Stoner mengatakan bahwa pada dasarnya entrepreneurship beringsut dari keperluan dasar manusia buat berprestasi (need of achievement) seperti konsep Mc Cleland. Berikutnya, dikatakan bahwa seorang entrepreneur dapat dikenali sebab mereka:

  • punya kebutuhan untuk berprestasi yang tinggi;
  • memiliki letak kendali internal (locus of control), mengontrol hidupnya sendiri;
  • toleran kepada resiko;
  • toleran pada keragu-raguan; dan
  • mempunyai sikap tipe A, dorongan untuk melaksanakan lebih banyak dalam waktu yang sedikit.

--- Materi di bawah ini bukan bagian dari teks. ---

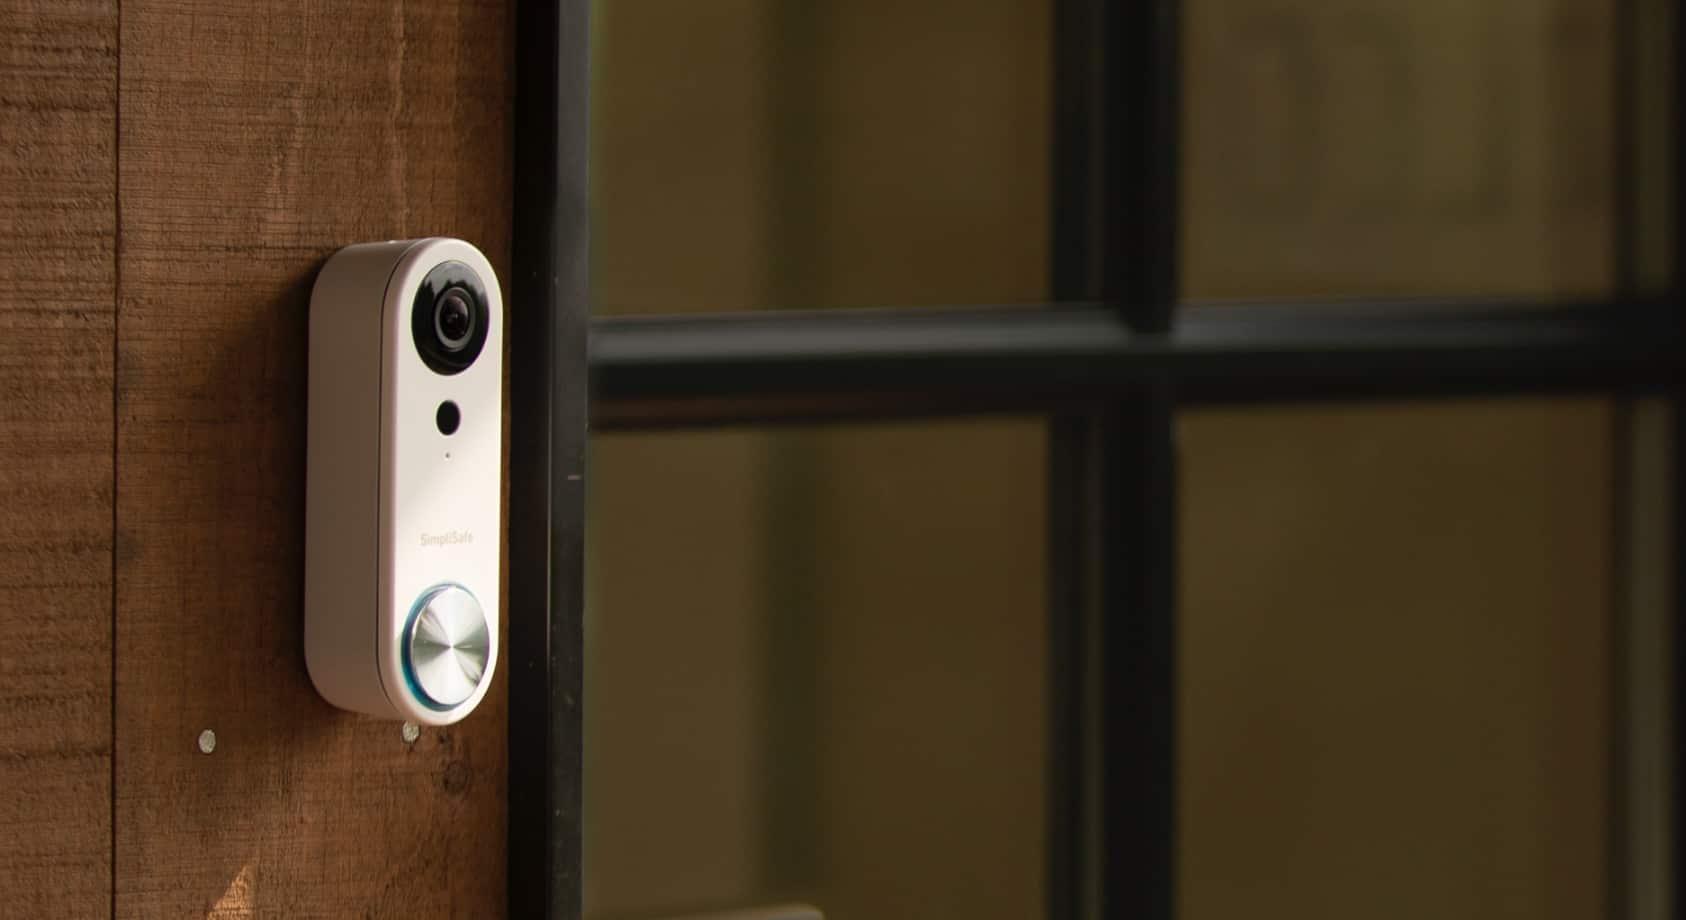 Simplisafe Camera Review Cost Amp Pricing 2019 Simplicam

Hal-Hal Yang Menunjukkan Teman-Teman Semua Seorang Entrepreneur

David Burnett menyampaikan bahwa secara umum entrepreneur yaitu seorang pengambil resiko, koordinator dan organisator, penghubung (gap filler), leader, innovator, dan kreatif. Kemudian, Covin dan Slevin menyampaikan bahwa pada dasarnya seorang entrepreneur dapat dikenali dari sikap dan perilakunya yang mencerminkan 3 dimensi, yaitu: keinovatifan (innovativeness) pengambil resiko (risk-taking), keproaktifan (pro-activeness).

Inovatif mengacu pada kreativitas, ketidaklaziman, atau pemecahan dengan metoda baru pada masalah-masalah atau keperluan. Pengambil resiko berkaitan dengan dorongan untuk sepakat bahwa kadang kala emang kawan-kawan semua mesti merugi atau gagal. Sedang proaktif bersangkutan dengan penjabaran, yakni bagaimana melakukan sesuatu yang diperlukan buat bisa berhasil.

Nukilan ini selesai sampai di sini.